Just a note here on the seminal references on using the CAPE-based rules from the originator (Karsten Jenke): https://earlyretirementnow.com/
Jenke offers interesting and useful spreadsheet tools (for free), and among them is one on the calculation of the safe withdrawal rate ("SWR"):
https://earlyretirementnow.com/2018/08/29/google-sheet-updates-swr-series-part-28/
(1) This link is mentioned in the Pralana manual. A sensitivity analysis to the "a" and "b" parameters is provided in this post (but does not actually use Pralana per se) and recommends a=1.75% and b=0.5 for the portfolio studied to establish an initial CAPE-based SWR. The object here is to tie smoothed equity (S&P 500) earnings (10-year CAPE) to the portfolio withdrawal rate for a "smoother ride" and avoid running out of money.
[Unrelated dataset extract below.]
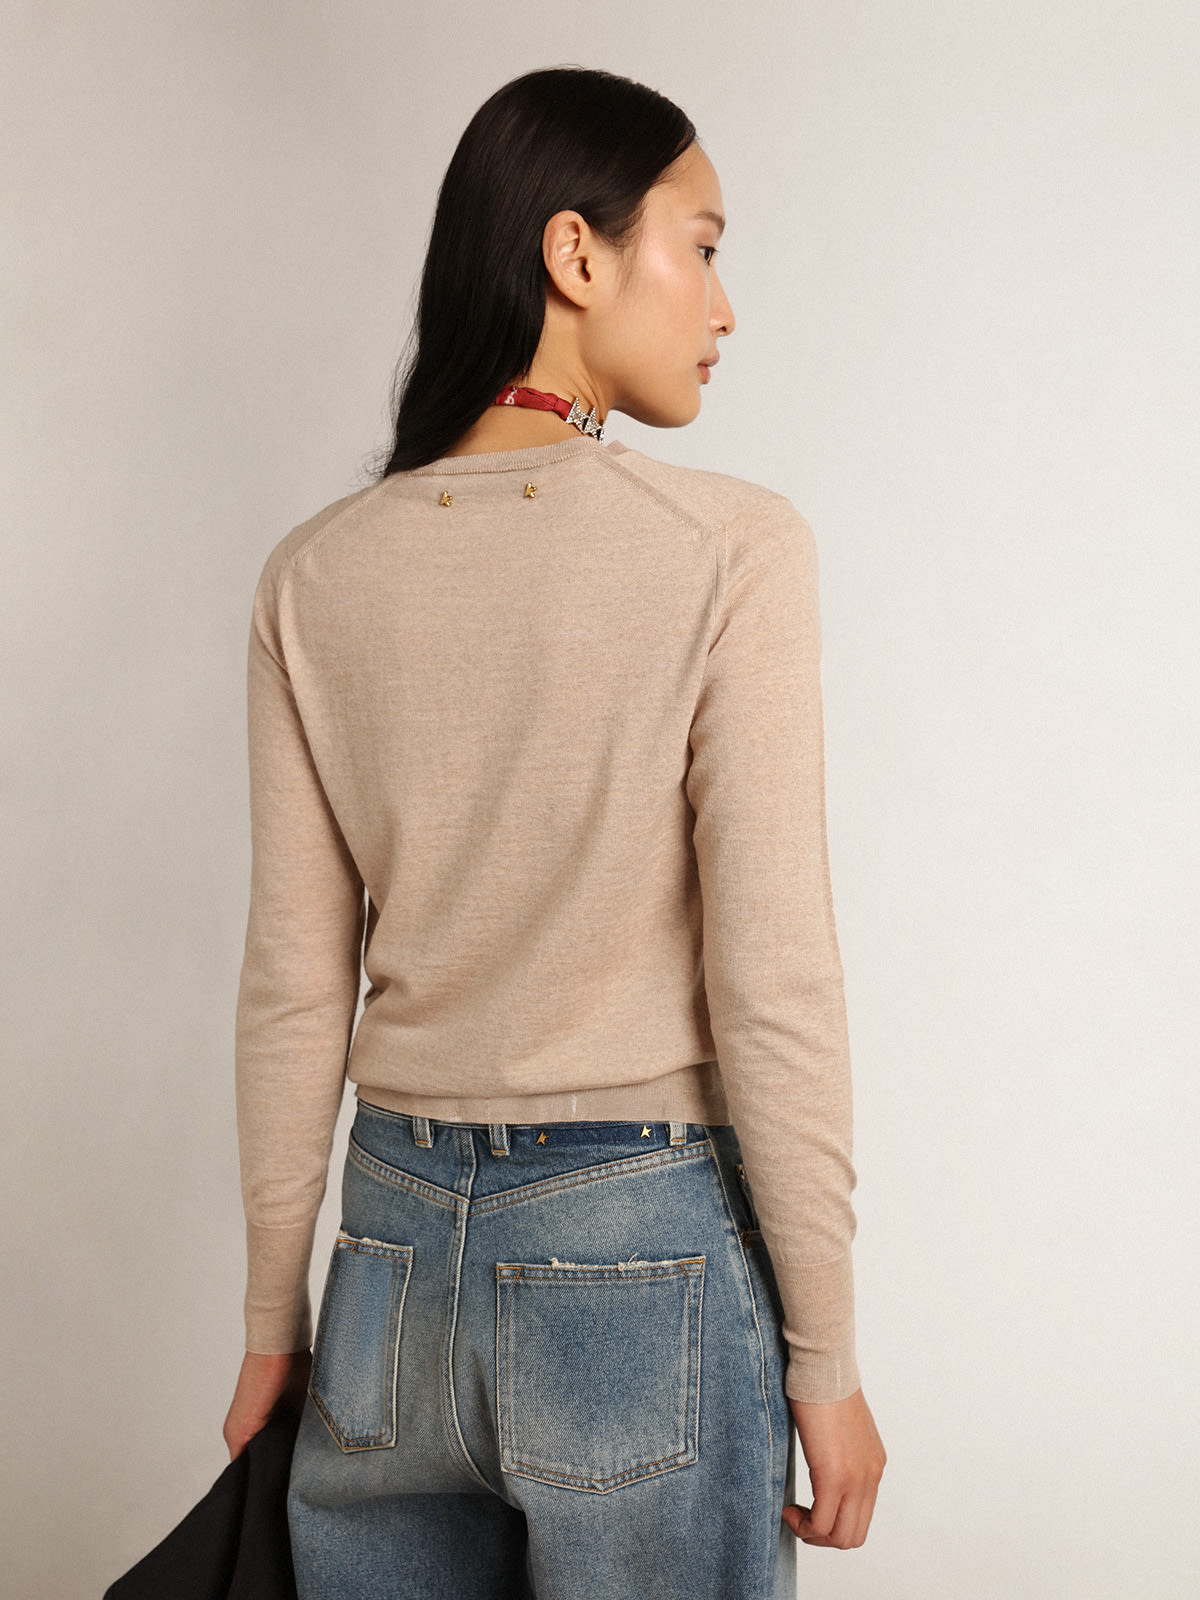 Golden Goose - Women's sweater in light brown merino wool in 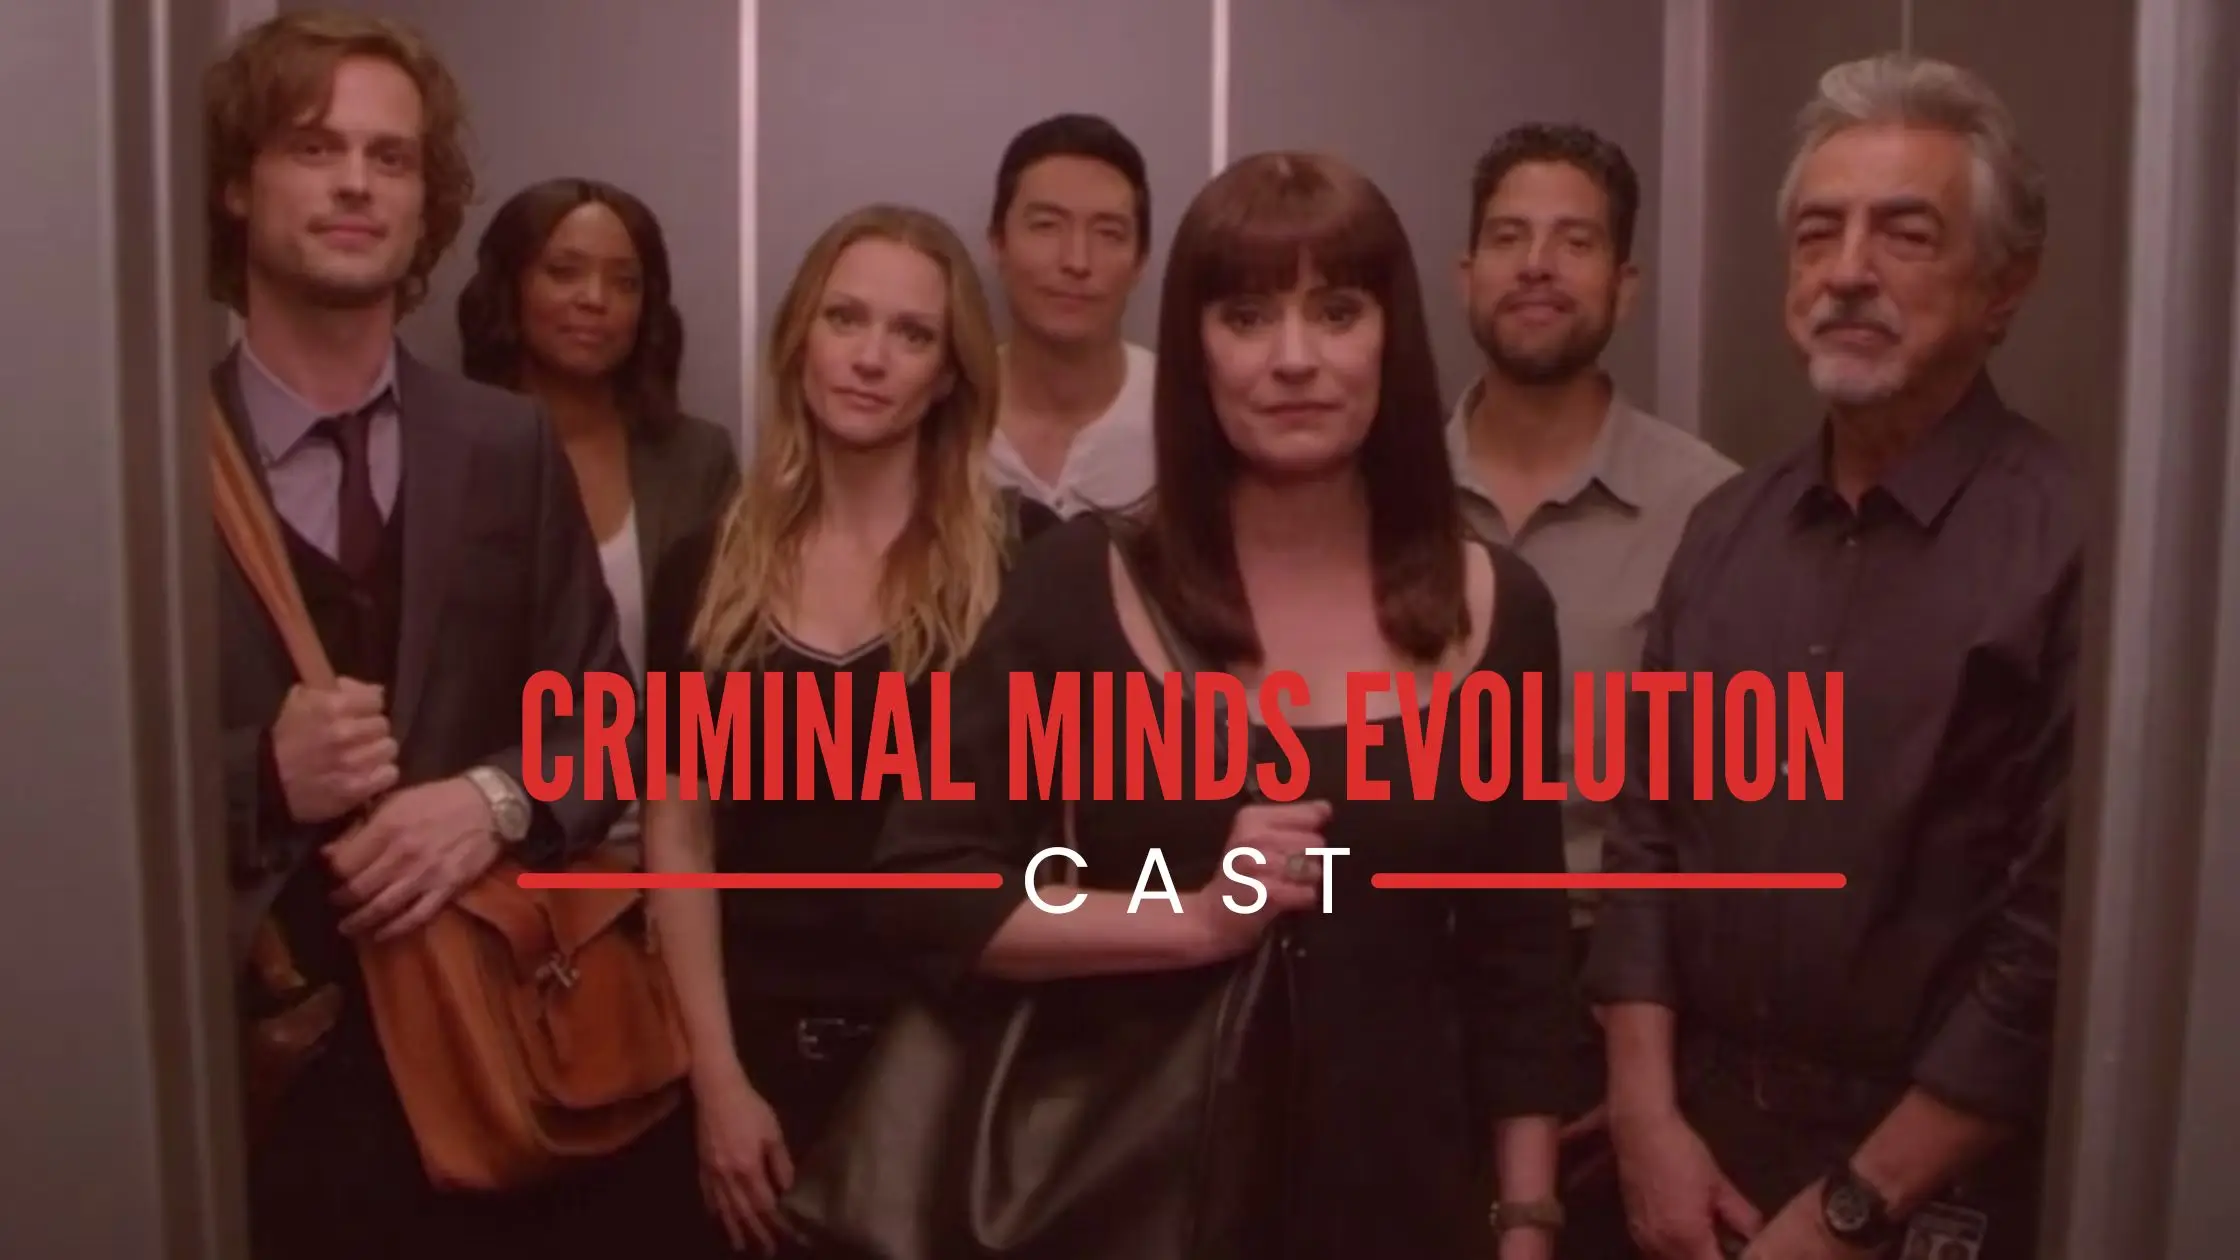 Criminal minds evolution cast

(2) This link considers modifying the Shiller CAPE for modern corporate fiscal behavior (stock buy-backs, lower corporate tax rates, lags in Shiller data...). The alternative CAPE offered seems to generally be lower than the Shiller value currently (which implies a slightly higher SWR - currently about 3.6% vs about 3% using the most recent Shiller CAPE value).
https://earlyretirementnow.com/2022/10/05/building-a-better-cape-ratio/
Frequent updates of the alternative CAPE is offered (almost daily) at: https://drive.google.com/file/d/1ugtRN3TaAVwQi-20mjt4DctF-glppSMD/view?usp=sharing
(3) This link shows an analysis of the SWR using the proposed modifications to the Shiller CAPE value using the SWR tool mentioned above (with a=1.75% and b=0.5)
(4) This link provides a critique of assuming alternative flexible SWRs using the tool mentioned above:
https://earlyretirementnow.com/2023/06/16/flexibility-swr-series-part-58/
I am not clear if the detailed implementation of the CAPE-based approach in Pralana (which uses the Shiller CAPE data) is completely consistent with Jenke's analysis approach. One notes, for example, that Pralana is using annual CAPE values, while the SWR tool uses monthly data (argued by Jenke as more relevant to retiree modeling of the SWR).
Anyway, I find that (with a=1.75% and b=0.5) the WR produced by Pralana with CAPE-based rules (Historical Analysis mode only) appears to be generally similar to that from the Jenke SWR-tool approach.
@wallace471 Thanks for sharing the details surrounding Karsten Jeske's (i.e, "Big ERN's") CAPE method. I've read all the articles above and use his planning spreadsheet to augment the insights I get from Pralana, but I'm sure others will find the background and links useful if they haven't already explored this material.
In fact, my question above is based on Karsten's observation: "Notice that the constant percentage rule [Pralana calls this Fixed %] is simply a special case of the CAPE-rule if we set b=0 and a=4% (or whatever your desired constant percentage may be)." This is why I'm confused by the differences between Pralana's results for a Fixed % of 3% and CAPE with a=3%, b=0. Note that the actual percentage is irrelevant as long as the same value is used in both spending strategies.
One big difference between Karsten's model and Pralana's is that Pralana is only applying the CAPE spending strategy (or any other of the spending strategies) to your variable (non-essential) spending, where Karsten's model applies to all spending, although there is some rudimentary capability to include future income and expenses in Karsten's spreadsheet. This means that it's hard to directly compare the models using the same spending strategy parameters. For example, using CAPE a=1.75, b=0.5 in Pralana only applies to variable spending on top of your explicitly specified essential spending, while Karsten's model applies CAPE a=1.75, b=0.5 to the entire spending envelope. The same is true for fixed/constant and other spending strategies.
I like Pralana's approach, but it does make it hard to compare to more simplistic models like Karsten's CAPE model, the "4% rule", or other well known models, all of which simply look at overall spending. Rather than trying to compare directly, I use Karsten's model to help validate the big picture, and I use Pralana to do the detailed planning.
Are there any other thoughts on the original question?